[rrd-developers] Re: (bug?) Incorrectly selecting low-res RRA

Alex van den Bogaerdt alex at ergens.op.het.net
Fri Mar 28 18:41:45 MET 2003


On Fri, Mar 28, 2003 at 04:49:14PM +0000, Phil Radden wrote:

> This caused me to realise that the 'coverage before resolution' rule is 
> also applying at the beginning of time, not just the end of time, and that 
> my 'month' rra is only specified to include just the right amount of data 

Always consider what you ask RRDtool to do.  Try to match this
against the available data and see what you would do.

If you ask for a certain time period, and if RRDtool has this data
available (possibly fetching slightly more time to end up at a
boundary), it makes no sense to return a partially fulfilled request.

Hypothetical situation:

1 RRA in 5 minute intervals, 12 hours worth of data
1 RRA in 60 minute intervals, 24 hours worth of data

You request 00:15 to 23:45.

RRDtool has to choose:
- return 12:00 to 23:45, (missing 00:15 to 12:00)
- return 00:00 to 24:00, (slightly more)

I think it will return 00:00 to 24:00 here.

Next situation, same database:

You request 22:15 to 23:45.

RRDtool can satisfy this request.


Bordercase:

You request 12 hours, ending at 23:30

RRDtool has to choose:
- return 12:00 to 23:30 (missing 11:30 to 12:00)
- return 11:00 to 24:00 (includes 11:30 to 24:00, but last row will be unknown)
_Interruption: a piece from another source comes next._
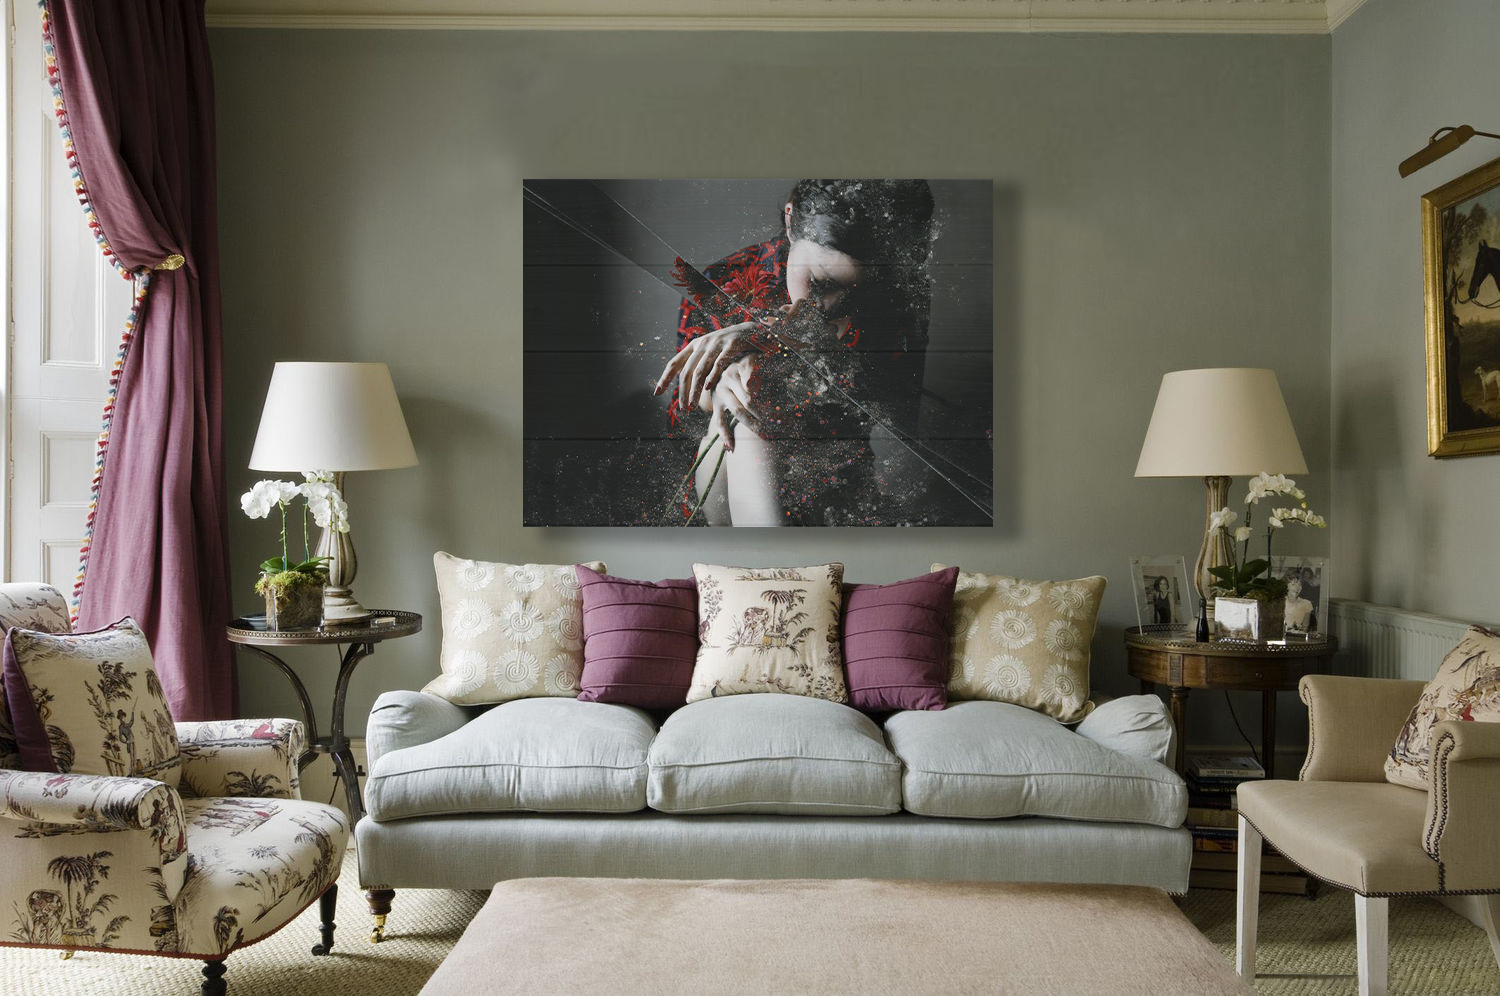 Картины над диваном в гостиной фото в интерьере

You request 12 hours, ending at 24:00

RRDtool can satisfy this request

You request 12 hours, ending at 23:55

RRDtool has to choose:
- return 12:00 to 23:55 (missing 11:55 to 12:00)
- return 11:00 to 23:00
- return 11:00 to 24:00 (one row will be unknown)

I don't know what RRDtool does do in this case. (and I can't be
bothered to check the source).

As you can see, it isn't that easy to come up with a proper solution.
I can imagine the RRA-selection algoritm doing things different from
what is expected, however I can also imagine users (like me and you)
expecting something different than that we specify.

To avoid problems I (almost) always make sure RRDtool can match my
request exactly.

HTH
Alex
-- 
Much of what looks like rudeness in hacker circles is not intended to give
offence. Rather, it's the product of the direct, cut-through-the-bullshit
communications style that is natural to people who are more concerned about
solving problems than making others feel warm and fuzzy.